I'd much rather drink coffee, water, beer, or wine. Now beer and wine will
cost me on a plane (mostly), and I may want to avoid the depressant effects
(air travel being harsh enough on the system), especially if I am driving soon
after, or if I've gone more than a few hours east.

That leaves water or coffee. I've learned to manage my caffeine levels pretty
well, so beyond a certain point/time, coffee is verbotten (unless they have
decaf, ha ha ha); cf comments on alcohol consumption above, stimulants are
avoided for similar reasons.

That leaves water.

The first few glasses are fine. The next few are boring beyond belief.

As for other juices, well, orange burns my stomach and irritates my lips, I
might have one glass every year or two. Apple is insipid; maybe a glass or two
a year. Other fruit juices are generally too sweet.

Soft drinks are too sweet. Period. Not a fan, haven't been since all night D&D
sessions in high school.

That leaves tomato juice and sparkling water.

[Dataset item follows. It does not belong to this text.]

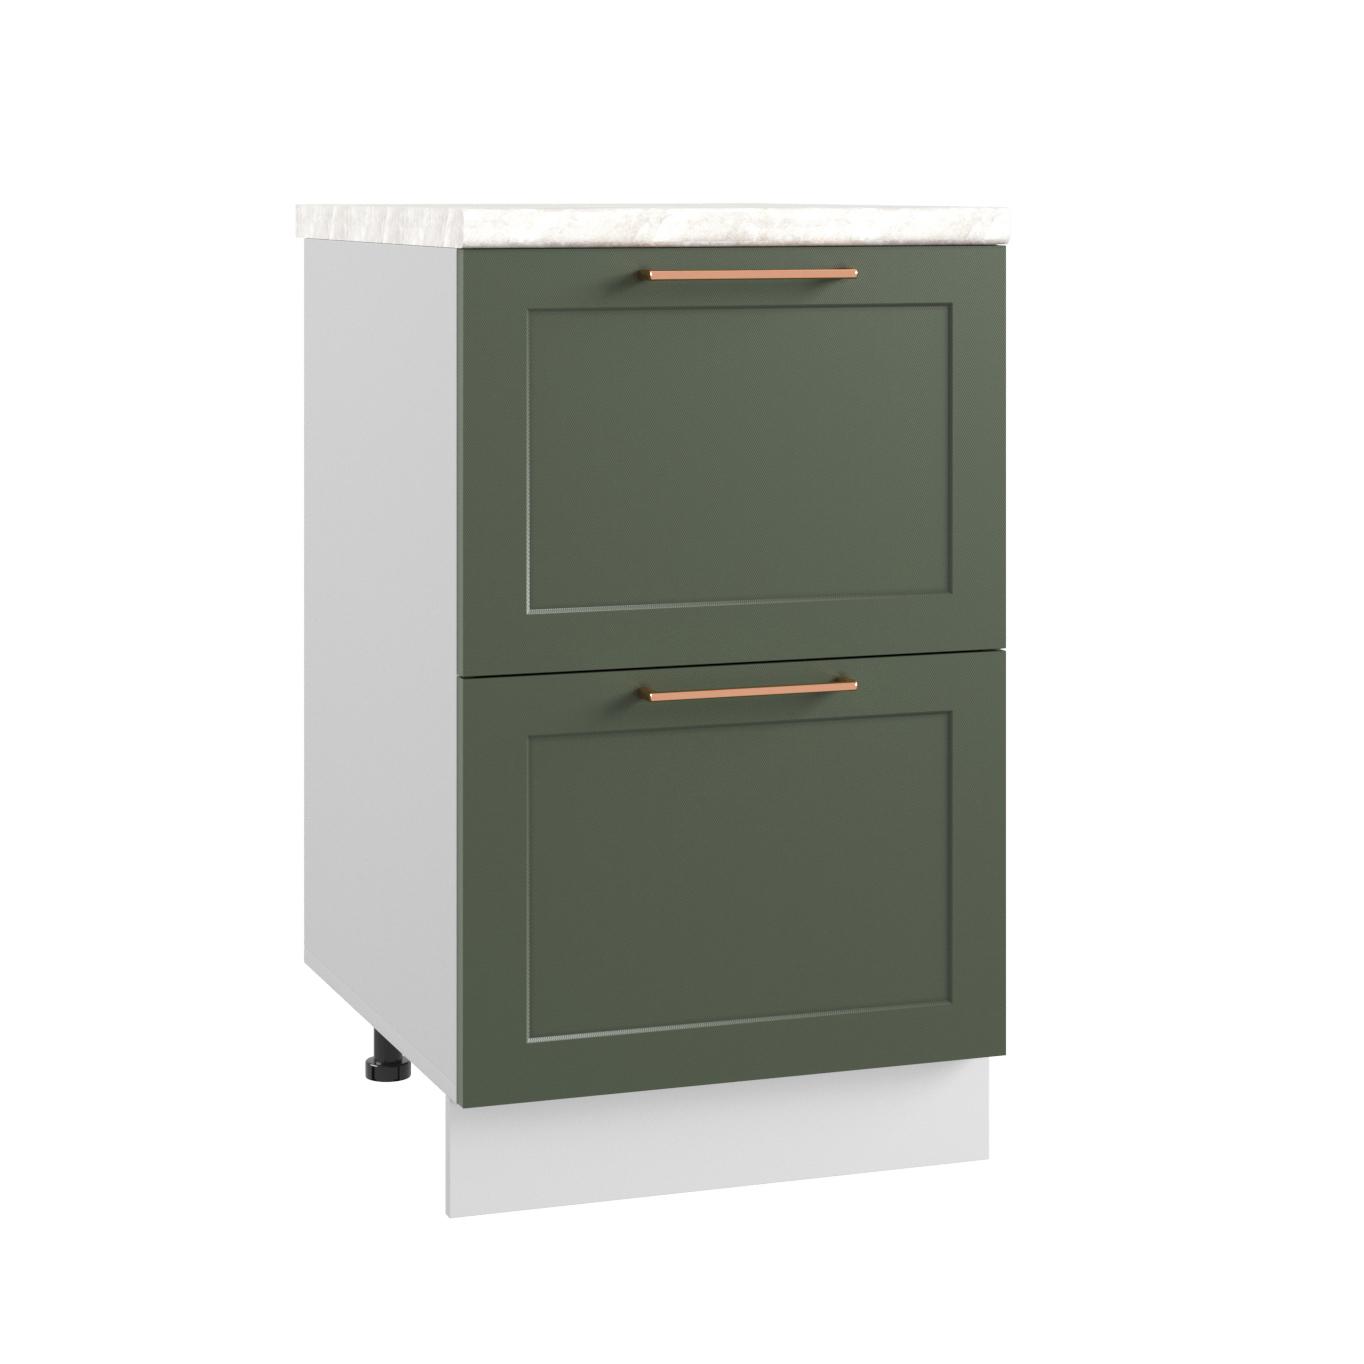 Кухня Квадро СК2 500 Шкаф нижний с ящиками

EDIT: Do people really order more tomato juice, or are you under the effect of
the availability heuristic?

------
jofer
I always order it, just because I like tomato juice. I didn't realize it was
that common to order it on airplanes...

That having been said, it does a really good job of coating and soothing your
throat if it's dry/scratchy/starting-to-get-sore. Given how often that happens
while flying, I'd wager that plays a role in tomato juice's popularity on
planes.

------
patorjk
I tried this the last time I traveled. The stewardess gave me a big smile when
I ordered it, but when I got the drink, I didn't notice any taste difference.
I also regretted ordering it since I'm not a fan of tomato juice in general.